As we move along the paths of technology and human invention, our skill sets and our language change along with our manner of life. But because so much of language, especially idiom, is built upon metaphor, as we lose understanding of past ways of living, those metaphors die, and become complicated literary allusions.
Take, for instance “dyed-on-the-wool,” which Ngaio Marsh used in a punning title of her mystery novel, Died in the Wool. The idiom really is “dyed,” and dyed-in-the-wool means, according to the AHD, “Thoroughgoing; out-and-out: a dyed-in-the-wool populist.” You usually see the idiom used in a political context, as in “Kennedy was a dyed in the wool Democrat.” SyedDin-the-wool can be used for other fields as well; I’m a dyed-in-the-wool Macintosh fan. The idiom derives from the practice of dying wool that has been washed, combed or “carded” to remove tangles and bits of trash, but which has not ye been spun into yarn. Wool dyed in after being washed and carded but before it is spun tends to be more thoroughly and permanently colored than wool dyed after it is spun.
In an historical, etymological context, the first recorded use of dyed in the wool as a metaphor (according to the OED) was by Richard Hooker in 1597. In Laws of Ecclesiastical Polity Hooker commented that
Children as it were in the Wooll of their infancie died with hardnesse may neuer afterwards change colour” (V. lxxii. S18).
Dyed in the wool is very much a metaphor in Hooker’s use, a sheepish metaphor to express the idea that if people are raised from childhood accustomed to austerity and temperance, then the virtues of austerity and temperance will be part of them, as if dyed in the wool. Oddly, as the OED notes, dyed-in-the-wool is now much more common in American English than in British English, though the phrase should usually be hyphenated.
The similarly sheepish idiom of a bellwether day in reference to stocks; that’ an idiom derived from the wether, or castrated ram, who leads the flock and wears a bell around his neck. The AHD defines a bellwether as “One that serves as a leader or as a leading indicator of future trends.”This too is an idiom we inherited from Britain, but there, oddly, a “bell weather day” is a bad day; bellwether seems to refer to a negative or downward trend. The OED offers, in addition to the traditional sheep-with-bell definition, the following “a leader; contemptuously: the ring-leader, the worst of the lot.’In standard American use, while bellwether refers to a leader or leading trend, the phrase is neutral. Sheep will follow a bellwether over a cliff, or into a canyon, no matter how foolish the action, so the idiom is not without natural cause. Indeed, we still use the phrase “like lambs to the slaughter, ” to refer to someone who unquestioningly follows others, no matter how life threatening and dangerous their action may be.

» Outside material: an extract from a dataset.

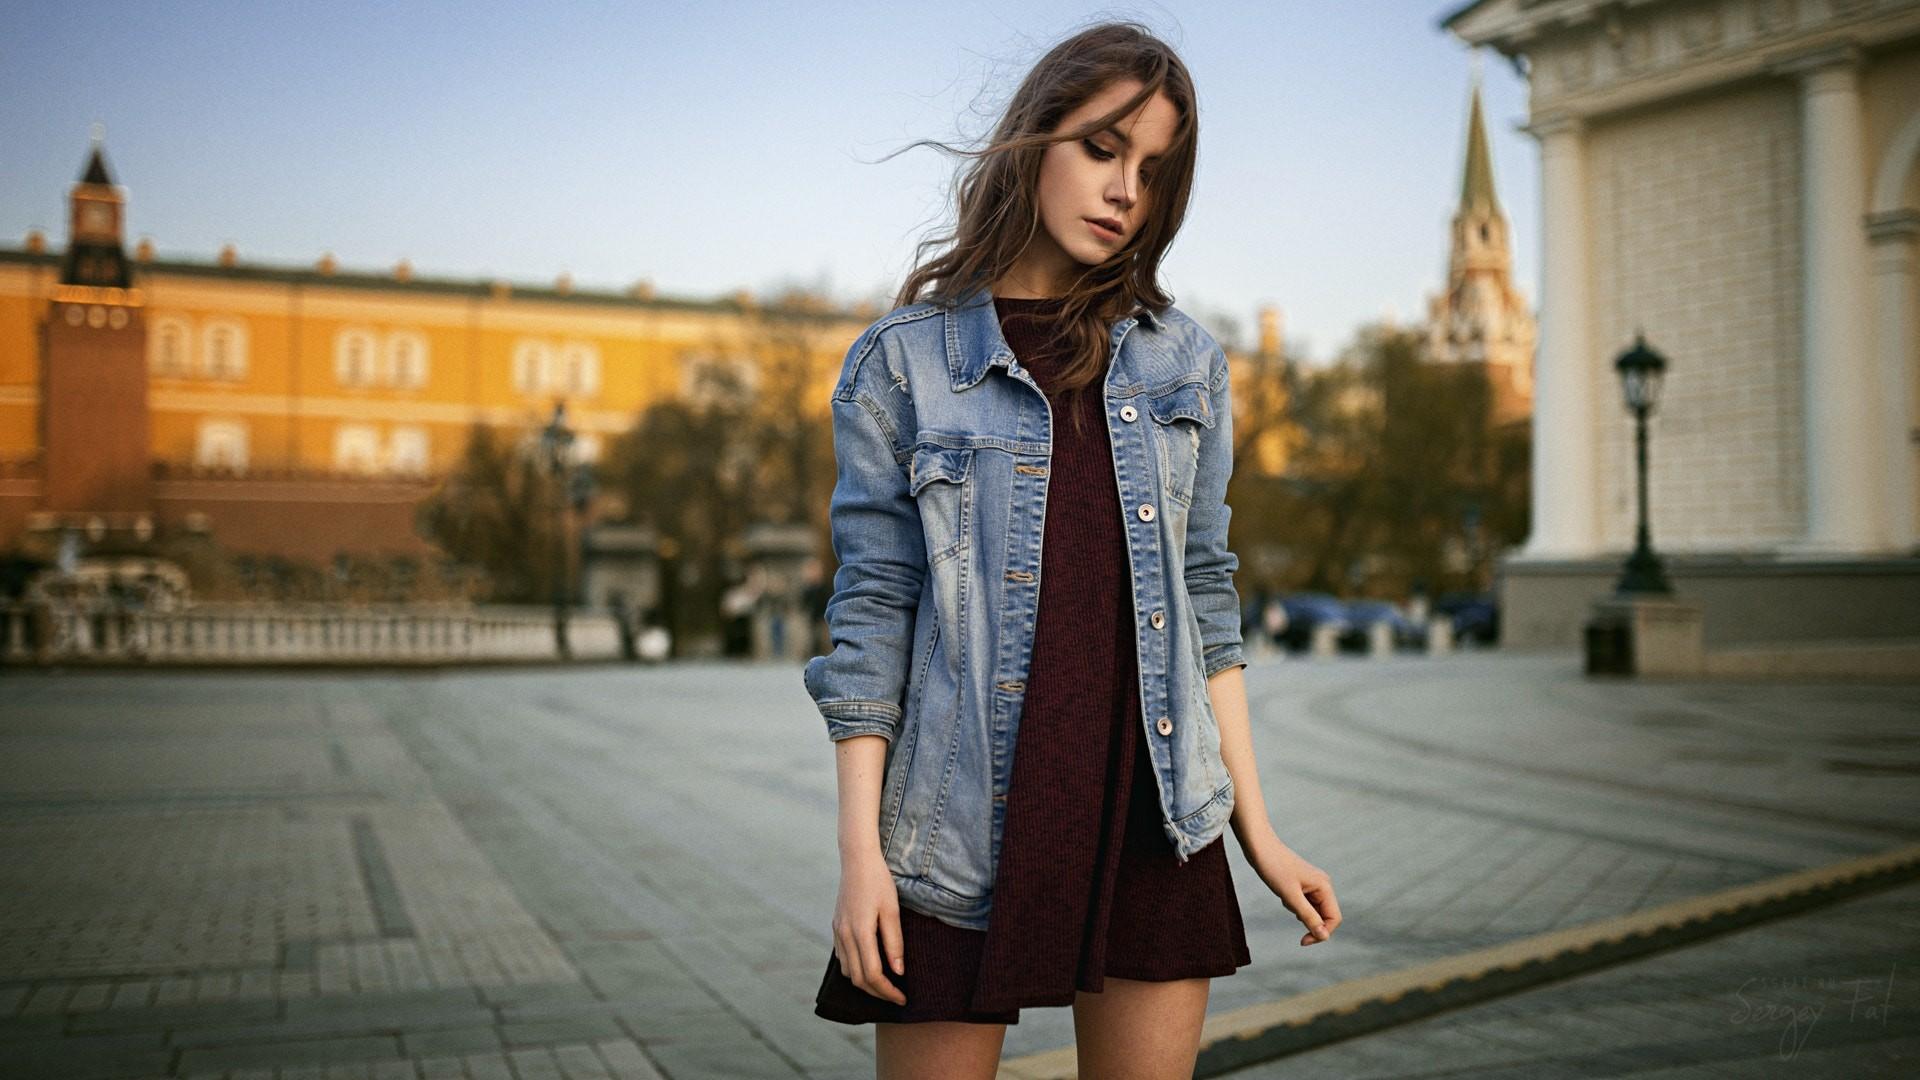 Ksenia Kokoreva Women Sergey Fat Dress Portrait Women Outdoors Jeans Jacket Hair In Face Jeans 1920x1080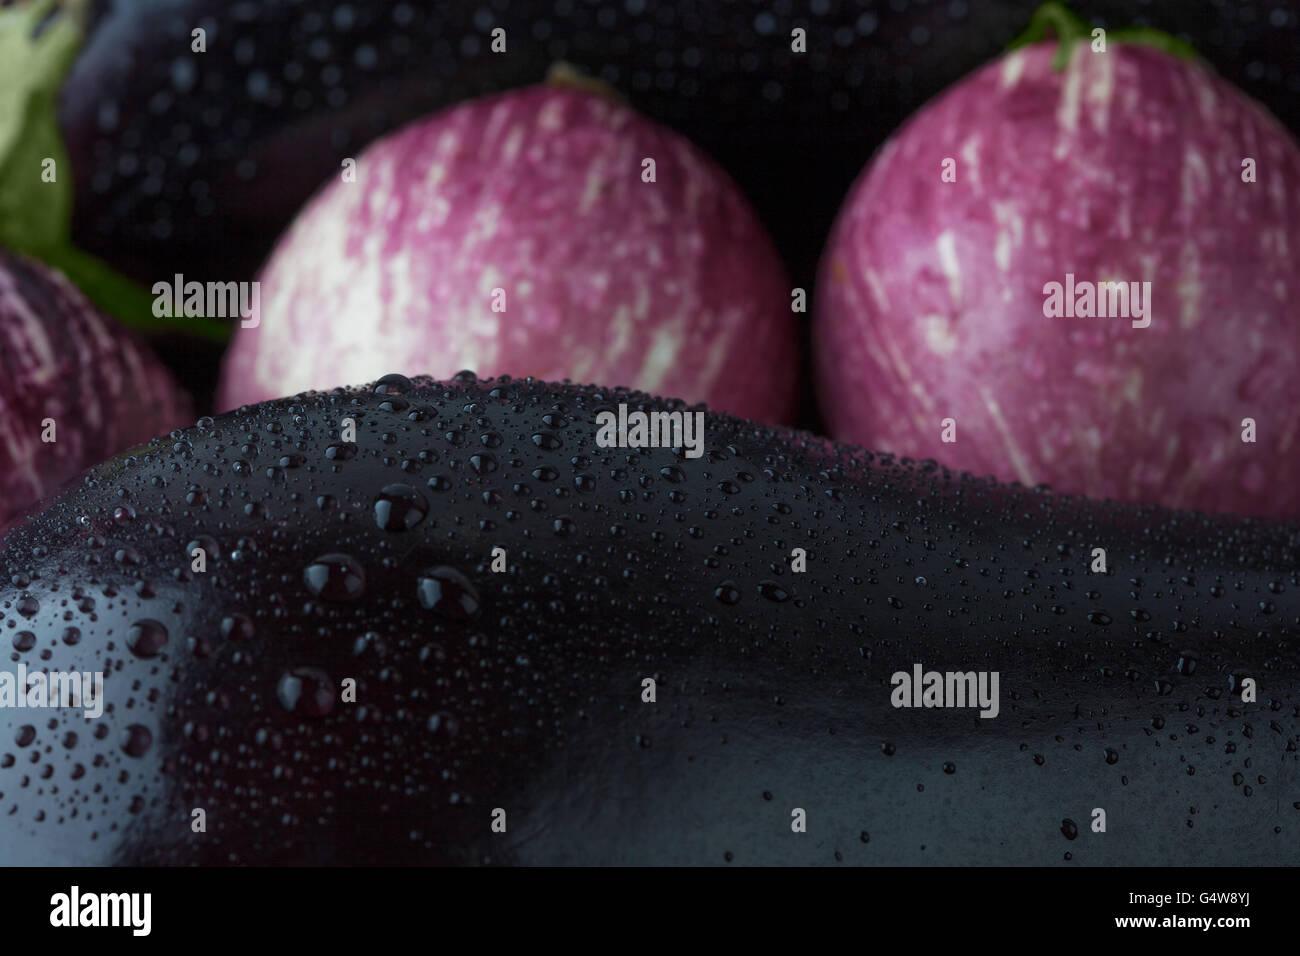 Wet noir et violet aubergine à rayures gros plan extrême. Profondeur de champ Photo Stock

There are other sheepish idioms preserved as metaphoric fossils in English. We might also think of the phrase black sheep to refer to a sheep with black or dark wool, but black sheep also can mean “One who is considered disreputable or disgraceful by his or her relatives or associates.” We count sheep, a thankless, difficult and often boring task when we wish to fall asleep. We refer to someone who is reticent, even shy, as sheepish. We also use sheepish to refer to someone who has been “Embarrassed, as by consciousness of a fault,” often in the phrase “sheepish grin.”